Polls the evaluation status and exits when it completes, fails, or is cancelled. Exits non-zero if the evaluation did not complete successfully.

Options

<evaluation-id>, --evaluation-id (Required) — The evaluation ID.
--poll-interval-sec (default 10.0) — Seconds between status polls.
--timeout-sec — Maximum seconds to wait before timing out.
--json (default False) — Output as JSON.

cancel

$ dn evaluation cancel <evaluation-id>

Cancel a running evaluation.

Requests cancellation and terminates active sandboxes. Samples that are already in progress will be marked as cancelled.

Options

<evaluation-id>, --evaluation-id (Required) — The evaluation ID.
--yes, -y (default False) — Skip the confirmation prompt.
--json (default False) — Output as JSON.

retry

$ dn evaluation retry <evaluation-id>

Retry failed and errored samples in an evaluation.
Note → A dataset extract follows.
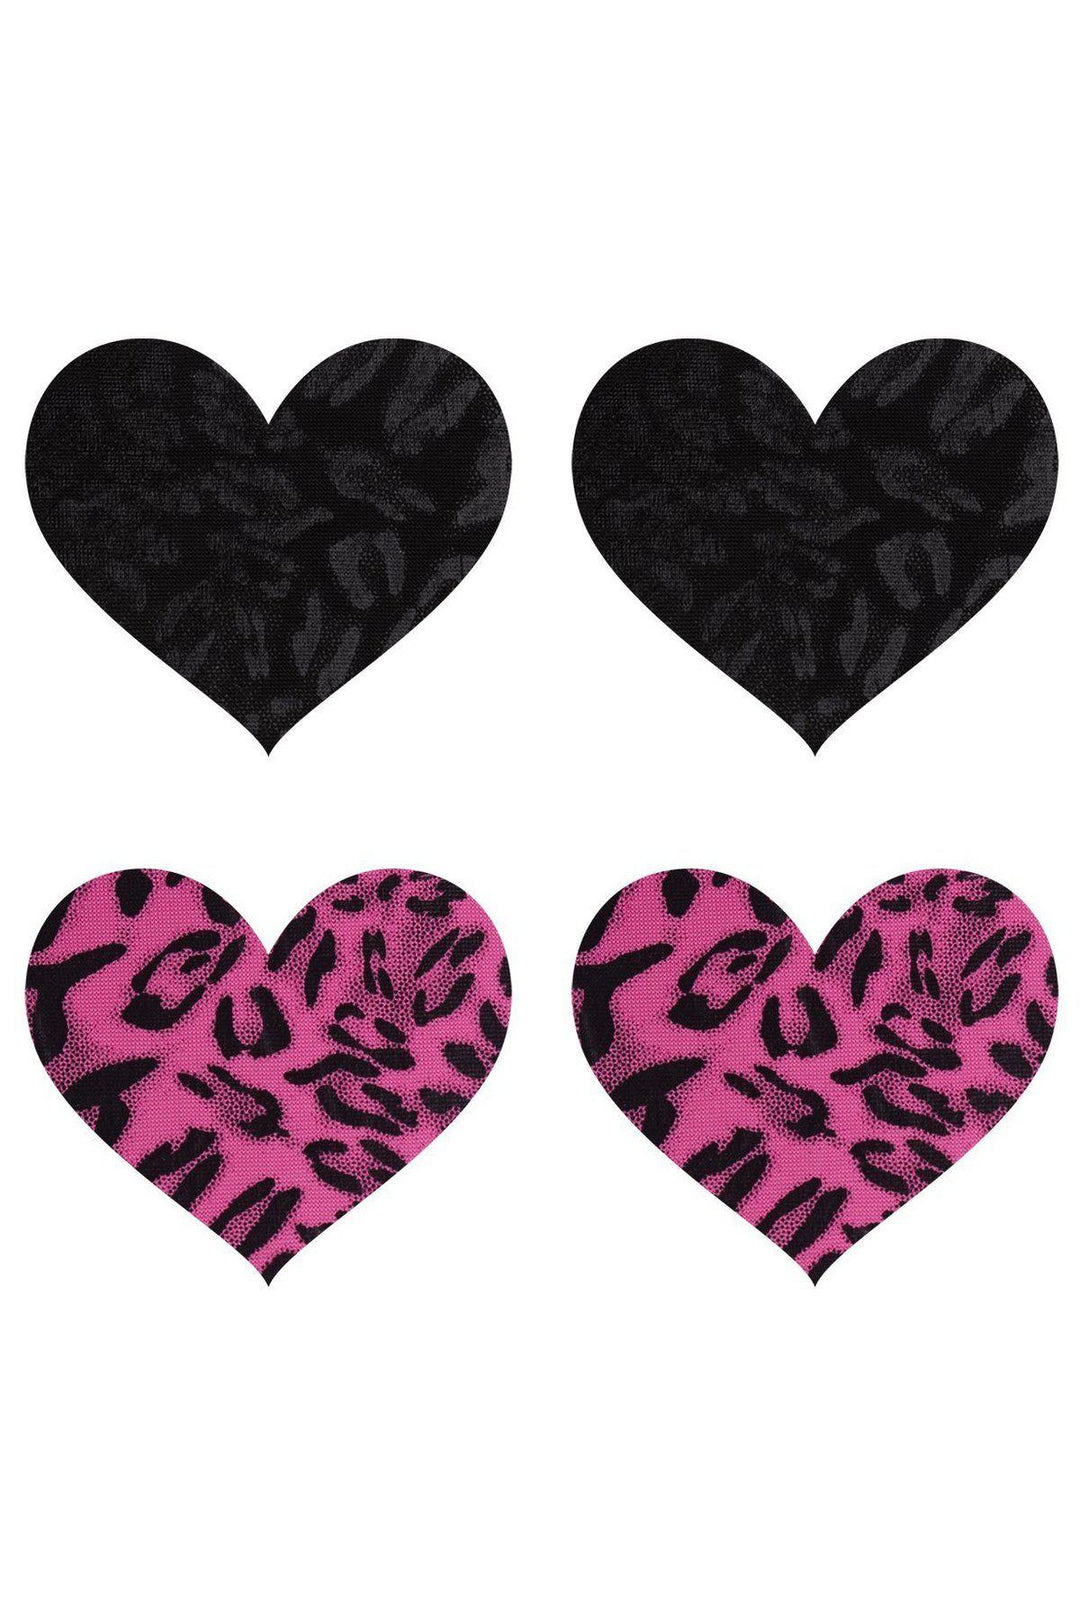 Heart Animal Print Pasties Set-Pasties-Peekaboo Pasties-Pink-O/S-SEXYSHOES.COM

Resets samples that ended in failed, timed_out, or infra_error back to queued so they are picked up by workers again.

Options

<evaluation-id>, --evaluation-id (Required) — The evaluation ID.
--json (default False) — Output as JSON.

export

$ dn evaluation export <evaluation-id>

Export evaluation results, samples, and transcripts.

Writes evaluation metadata, per-sample results, and agent transcripts to a directory. Transcripts are included by default; use —no-transcripts to skip them.

Each transcript file is a SessionTranscriptResponse JSON payload — see dn evaluation get-transcript --help for the shape. Samples without a linked session (old evals or items where the runtime’s session registration failed) are skipped with a warning.

Options

<evaluation-id>, --evaluation-id (Required) — The evaluation ID (full or 8-char prefix).
--output, -o — Output directory (default: ./eval-<short-id>/).
--transcripts, --no-transcripts (default True) — Include agent transcripts (default: yes).
--status, --state — Only export samples with this status (e.g. failed, timed_out). [choices: queued, claiming, provisioning, agent_running, agent_finished, verifying, passed, failed, timed_out, cancelled, infra_error]
--json (default False) — Dump combined JSON to stdout instead of writing files.

compare

$ dn evaluation compare <eval-a> <eval-b>

Compare two evaluation runs side by side.

Shows pass rate delta, per-task breakdown, duration changes, and error pattern differences between two evaluations.

Options

<eval-a>, --eval-a (Required) — First evaluation ID (baseline).
<eval-b>, --eval-b (Required) — Second evaluation ID (comparison).
--json (default False) — Output as JSON.